Enhanced Algorithmic Perfect State Transfer on IBM Quantum Computers

TL;DR

This paper investigates the implementation of perfect state transfer on IBM quantum computers, models noise effects comprehensively, and proposes mitigation techniques to improve transfer success probability.

Contribution

It introduces a detailed noise model for quantum state transfer and demonstrates noise mitigation strategies, advancing practical quantum communication protocols.

Findings

Simulations closely match experimental results with a comprehensive noise model.

Noise mitigation techniques improve success probability by over 27% in simulators.

Optimized couplings enhance transfer success probability, with improvements up to 26% in simulations.

Abstract

Perfect state transfer (PST) through a spin chain can be theoretically obtained via predesigned PST couplings.
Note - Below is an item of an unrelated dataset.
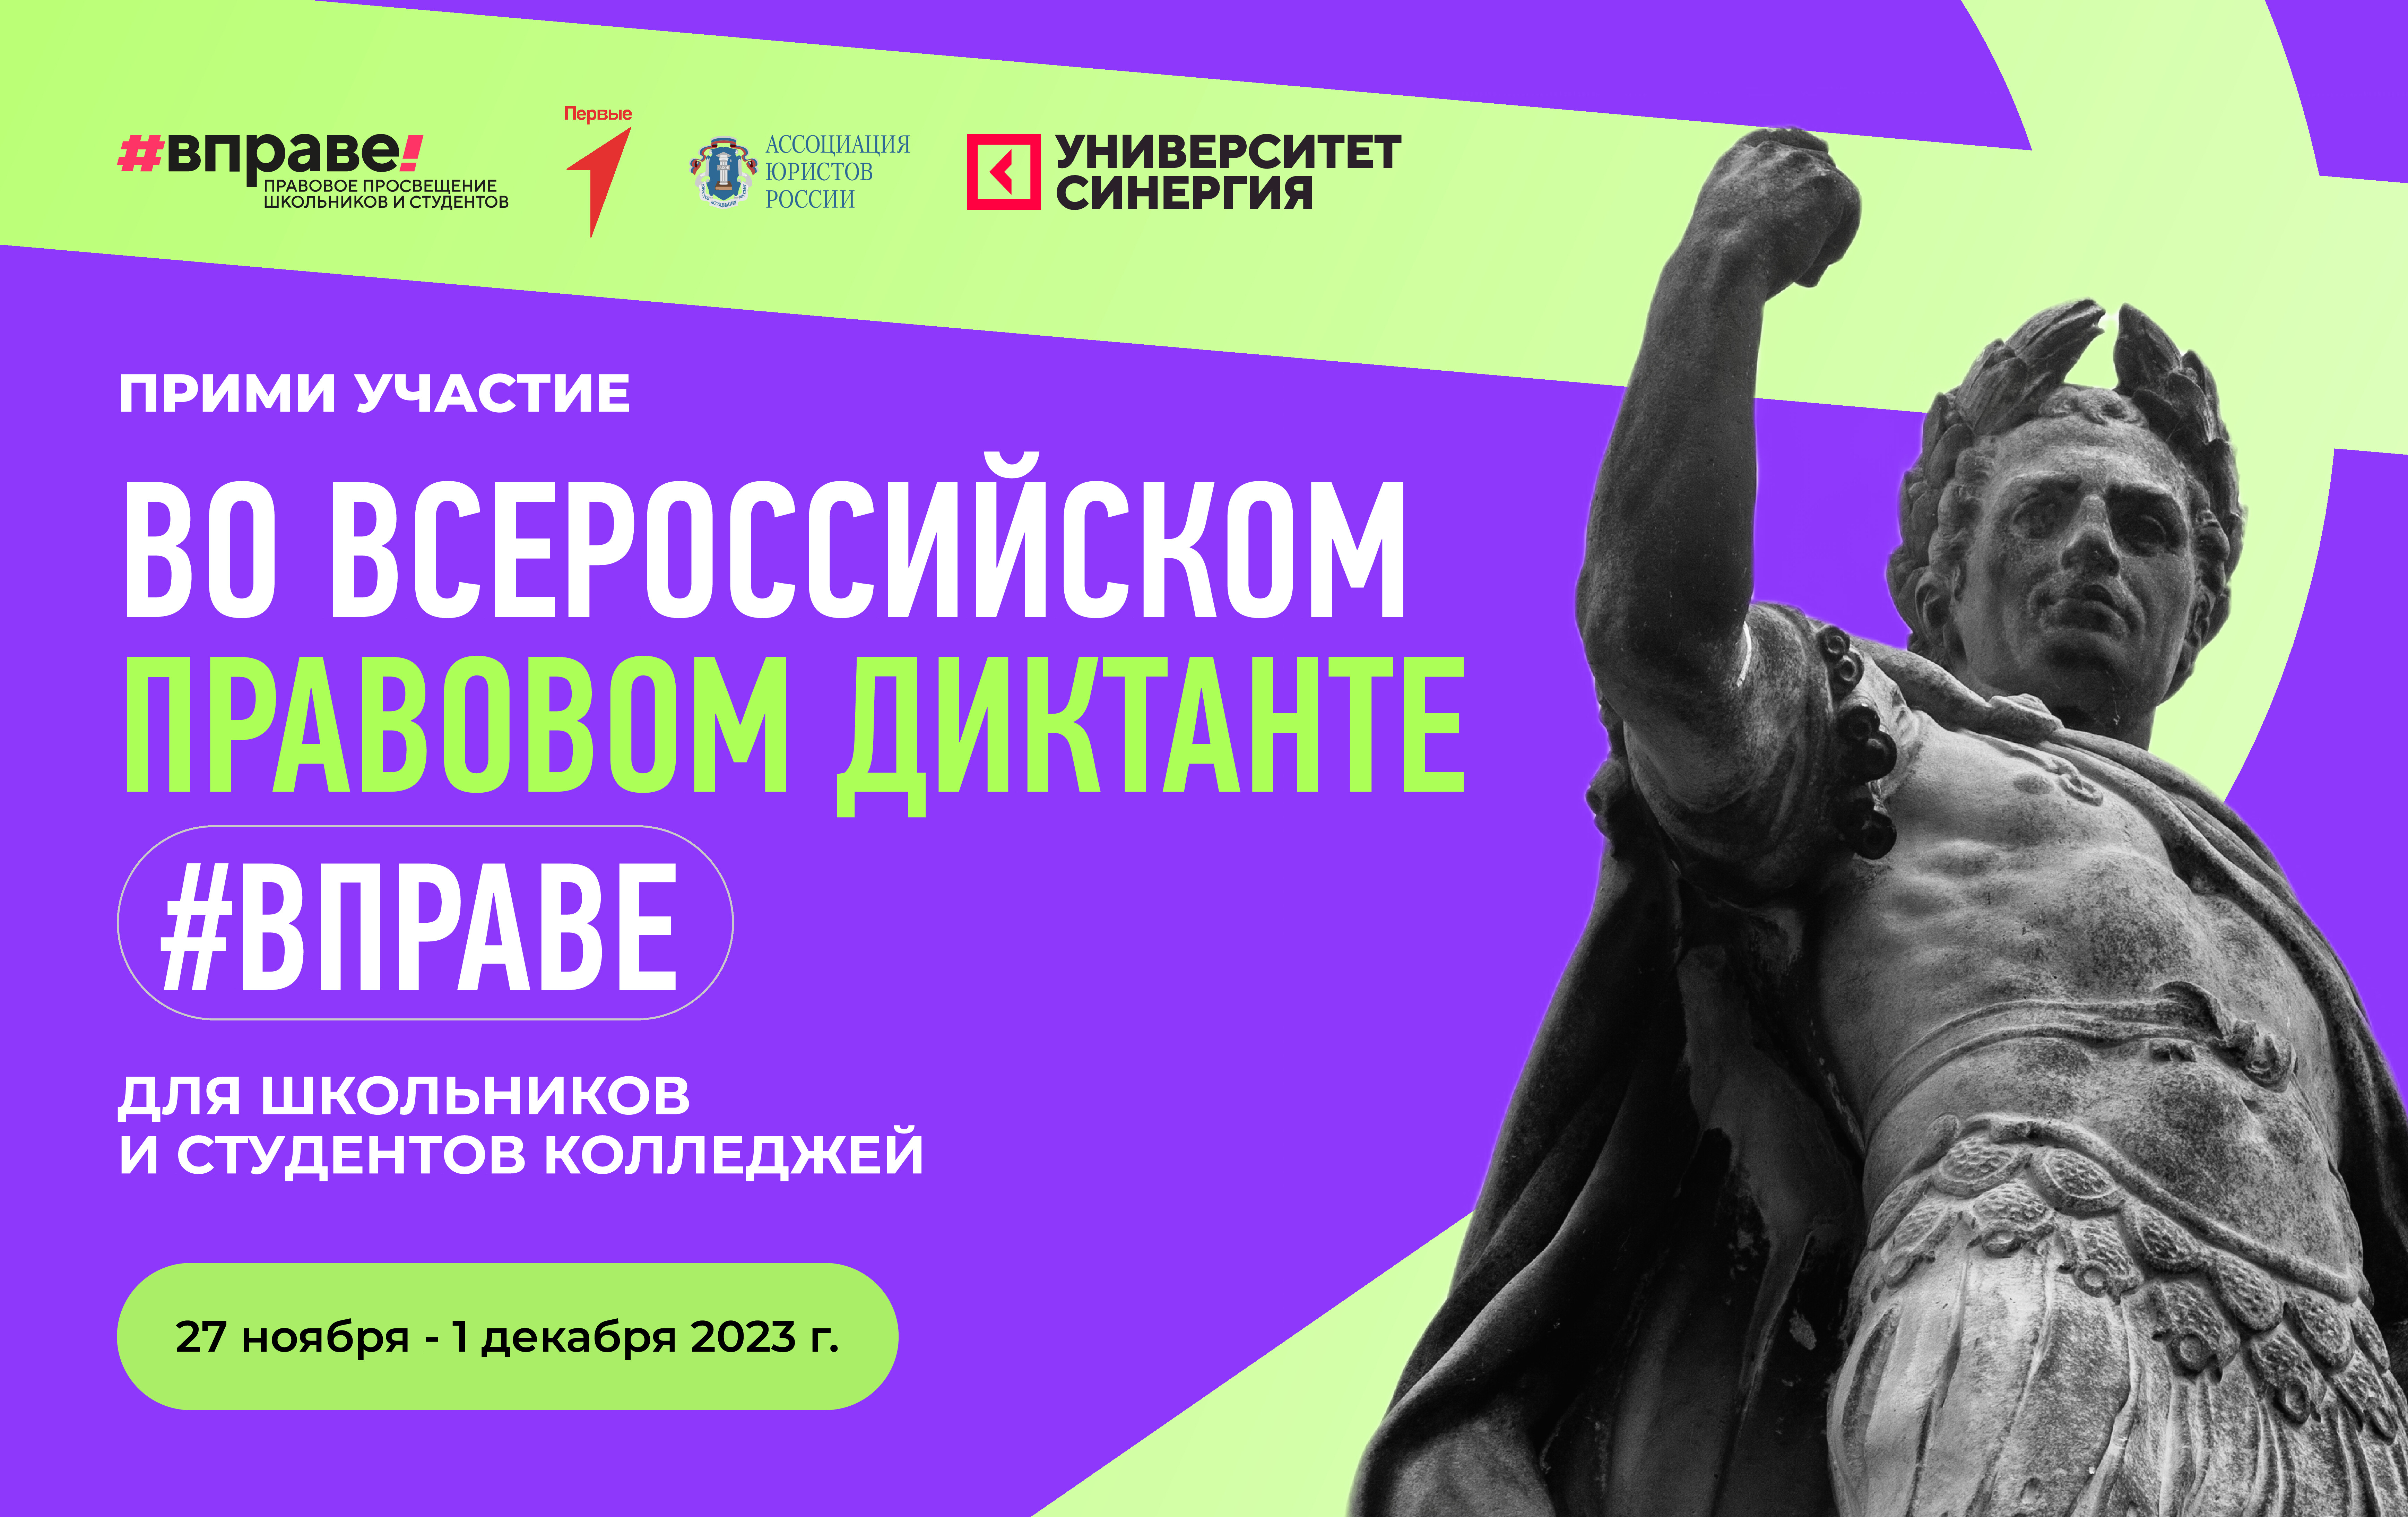 27 ноября стартовал Всероссийский правовой диктант для школьников и студентов колледжей #ВПРАВЕ.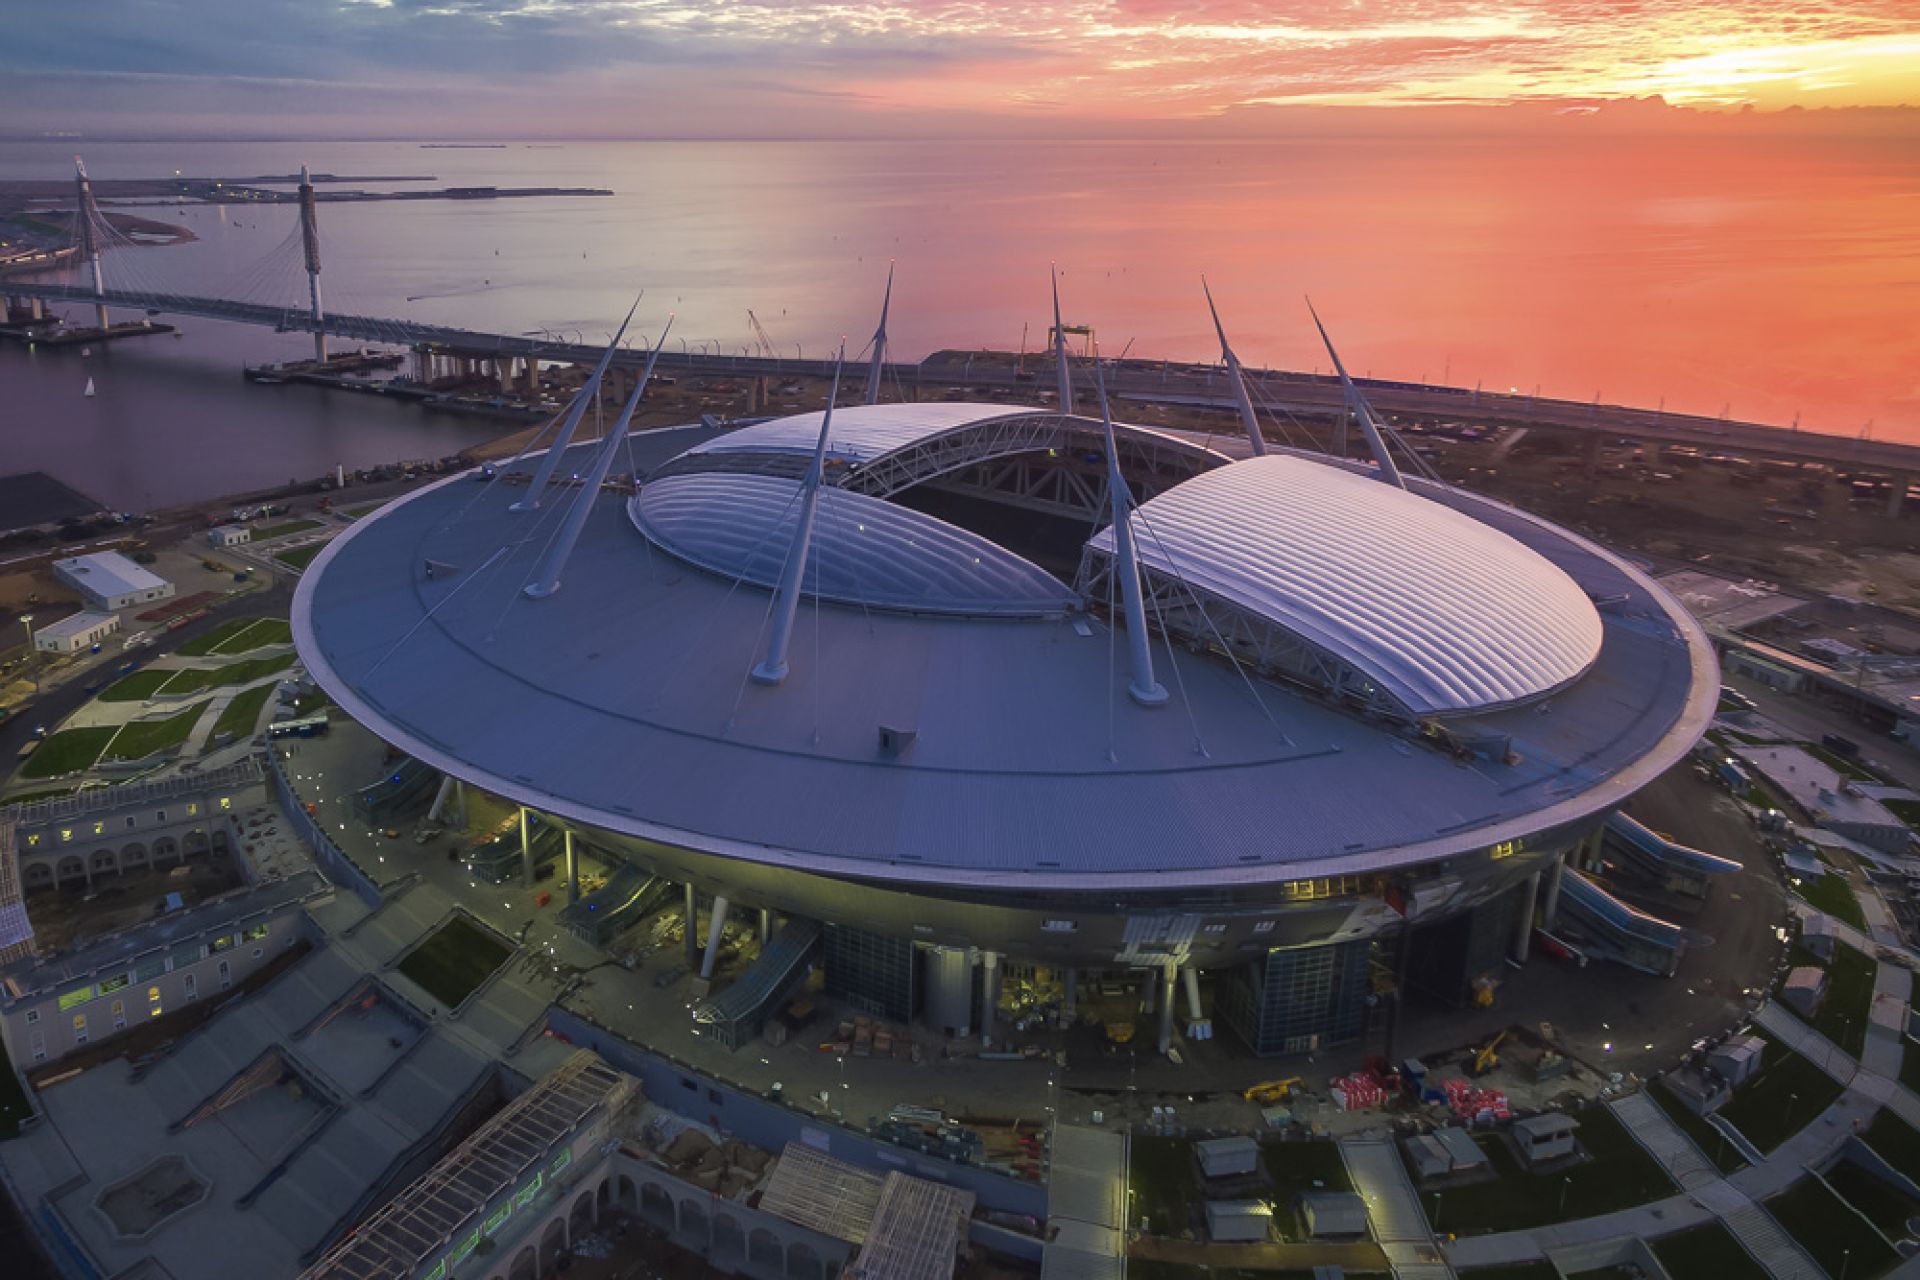 Aerial image of the stadium

However, the corresponding experiment on IBM quantum computers demonstrates low transmission success probability (SP) due to noises. Using few qubits of their 127-qubit Eagle processors, we perform the simulation of algorithmic PST through an XY spin chain with PST couplings on ibm_sherbrooke and ibm_brisbane processors, alongside Qiskit simulations. The peak SP cannot reach 1 ($\sim$0.725 peak SP for N=4). We then propose a comprehensive noise model including Pauli errors, thermal relaxation ($T_1$) and dephasing ($T_2$), and ZZ crosstalk. Based on the experimental parameters provided by the IBM superconducting quantum computing platform, we perform the Qiskit simulation with the comprehensive noise model, and find that the time evolution of the SP is highly consistent with the experimental results. This simulation yields a peak SP of 0.761 at $\textstyle t\approx\pi/4$, closely matching the results on hardware. To mitigate the impact of noise, we use rescaling techniques to correct noise-induced time shifts and SP decay, achieving an SP improvement of 0.210 (27.60%) in simulators and 0.263 (38.23%) on hardware, aligning hitting times closer to ideal values. Additionally, optimal couplings designed via grid search and refined by Bayesian optimization under the comprehensive noise model achieve an SP improvement of 0.190 (26.21%) in simulators and 0.056 (7.72%) on hardware. Our work highlights challenges in implementing algorithmic PST on current quantum computers, proposes a comprehensive noise model to effectively describe the system dynamics, and provides insights for developing noise-robust quantum communication protocols.